CBI joins City chorus calling for rates relief and furlough extension

The CBI has joined a chorus of major business bodies calling for further financial support for UK firms as England grapples with its third national lockdown.

The business group today urged chancellor Rishi Sunak to extend the furlough scheme for two months beyond its current expiry date of April, and to provide “targeted support” for businesses over the summer.

Read more: City salaries up this quarter as London weathers worst of 2020

It also called on the Treasury to extend the business rates holiday for at least another three months for UK firms forced to close under current restrictions, and to expand financial relief to supply chains.

“Throughout the pandemic, the Treasury has listened and acted swiftly to offer businesses a lifeline.  But with the latest lockdown squeezing cash flow and demand like never before, business resilience is at an all-time low,” the group said in a statement.

The CBI, which represents around 190,000 British businesses, also joined the British Chambers of Commerce (BCC) in calling for temporary VAT cuts.

It urged Sunak to lengthen repayment periods for existing VAT deferrals until June 2021 “at the earliest”, and to implement deferrals on VAT bills due now until 2022.

“Almost a year of disrupted demand and extensive restrictions to company operations is taking its toll,” said CBI director-general Tony Danker. “Staff morale has taken a hit. And business resilience has hit a sobering new low.

“The government must once again stand shoulder-to-shoulder with businesses to underwrite support for the duration, helping viable enterprises to last the course… The rule of thumb must be that business support remains in parallel to restrictions and that those measures do not come to a sudden stop, but tail off over time,” he added. 

“Just as the lifting of restrictions will be gradual, so must changes to the Government’s sterling support to businesses.”  

It comes after the BCC last week called for a raft of further financial support measures, as its quarterly survey revealed that four in ten firms have seen their cash flow drop during the coronavirus crisis.

The latest unemployment figures showed more than 800,000 people lost their job in 2020, with the jobless rate increasing by 1.2 per cent to 4.9 per cent in the year to last November.

BCC director general Adam Marshall said: “The support schemes the government has introduced so far have saved many firms and jobs, but they have not gone far enough to help many survive a tough start to 2021. 

“The drip-feed approach to business support measures has meant many firms simply cannot plan for the future. 

Read more: Rishi Sunak mulls over a UK corporation tax hike in March Budget

The chancellor has so far spent £280bn during the Covid crisis, taking the UK’s deficit to record levels.

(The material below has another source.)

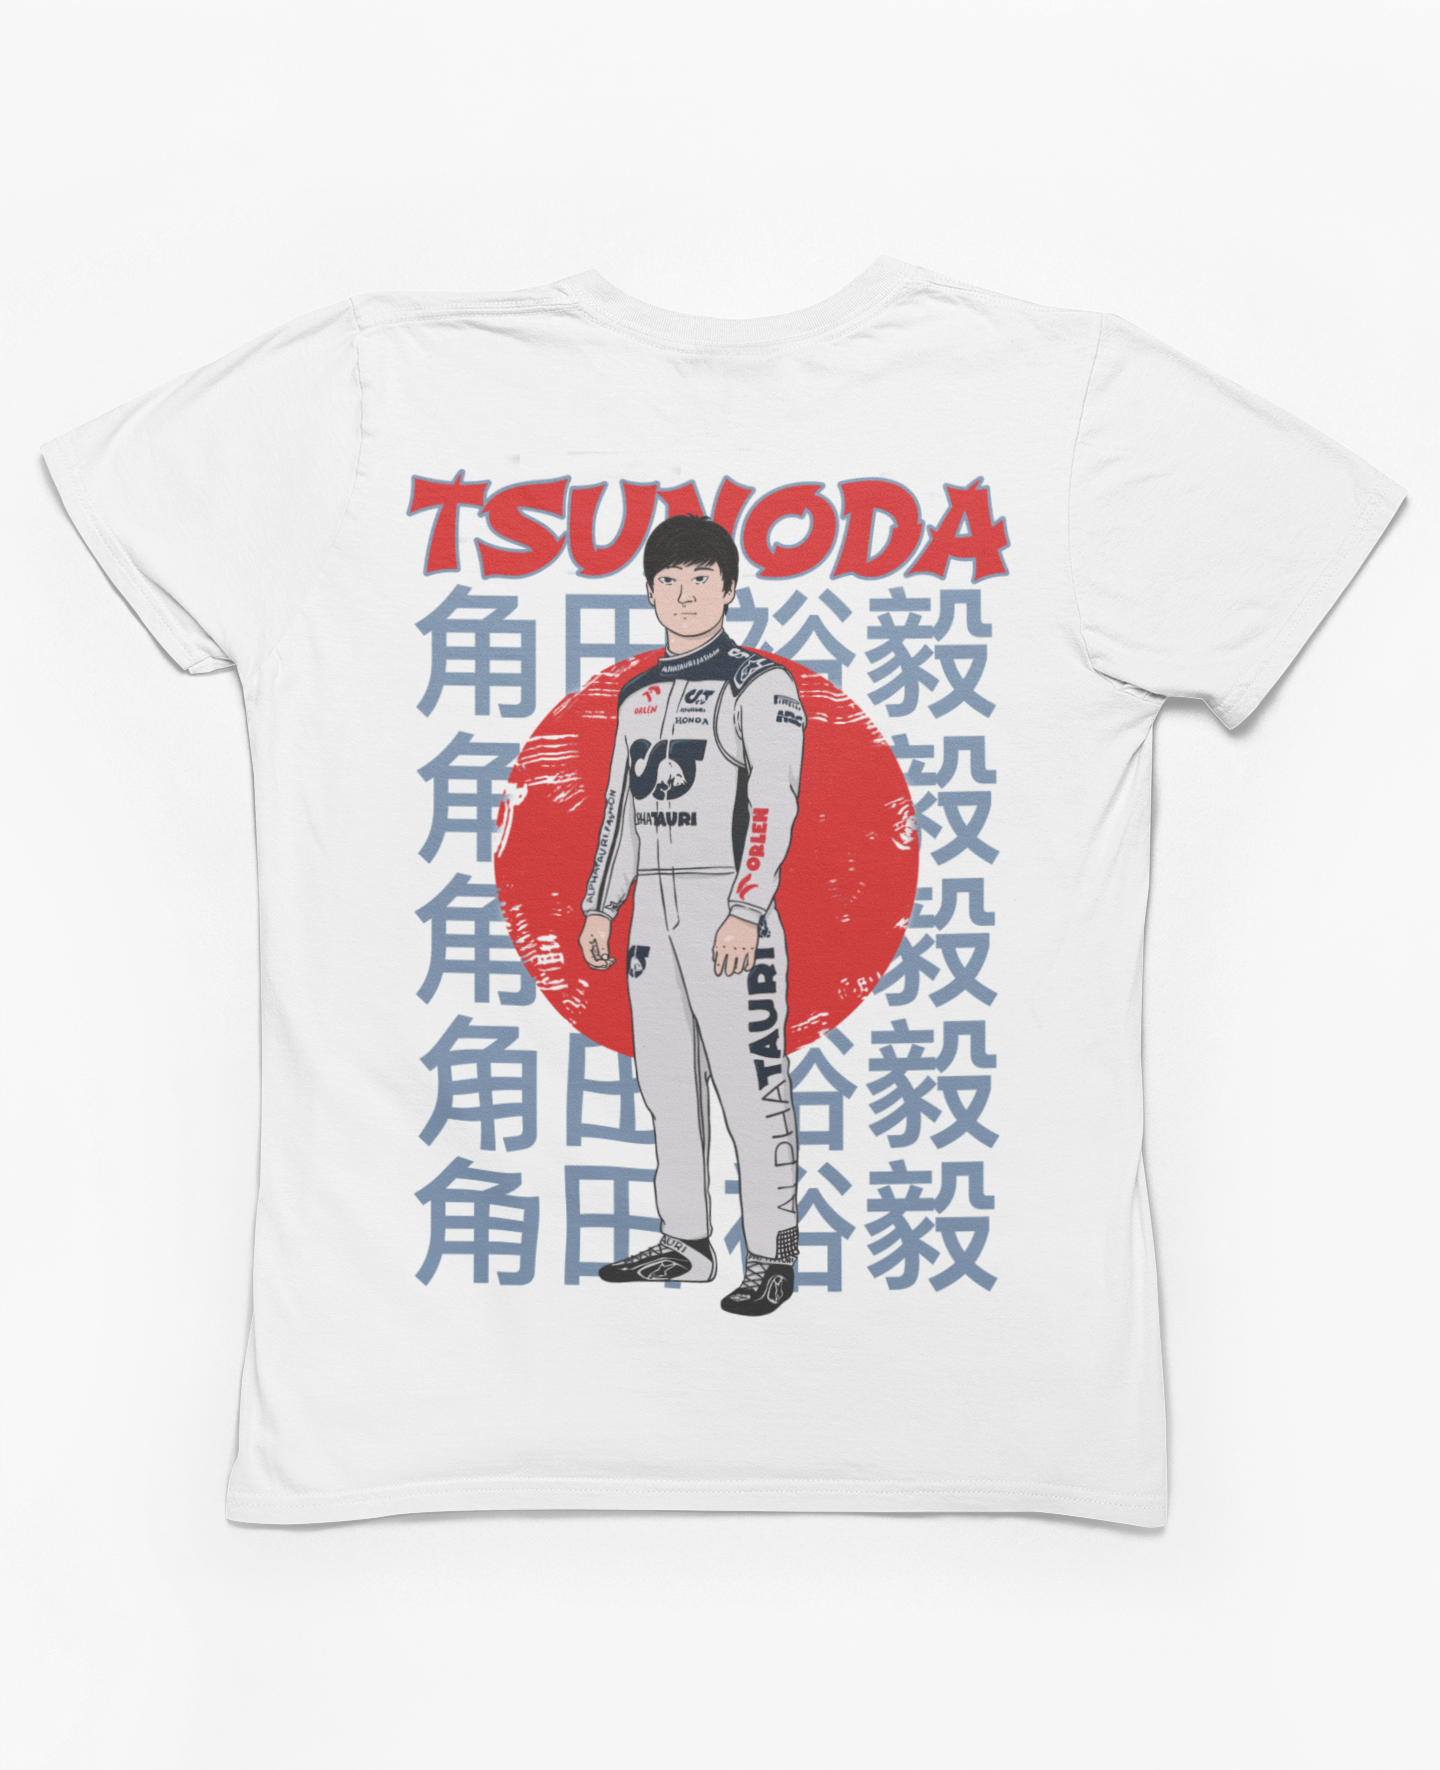 Yuki Tsunoda T-shirt

Sunak told City A.M. last week that the Square Mile is set for a “Big Bang 2.0” in the wake of both Brexit and the pandemic that will take the City’s “culture and creativity” to greater, global heights. 

Foreign secretary Dominic Raab yesterday indicated that ministers are keen to “get out of these national lockdowns as soon as possible”, adding that current measures will begin to be eased “`hopefully by March”.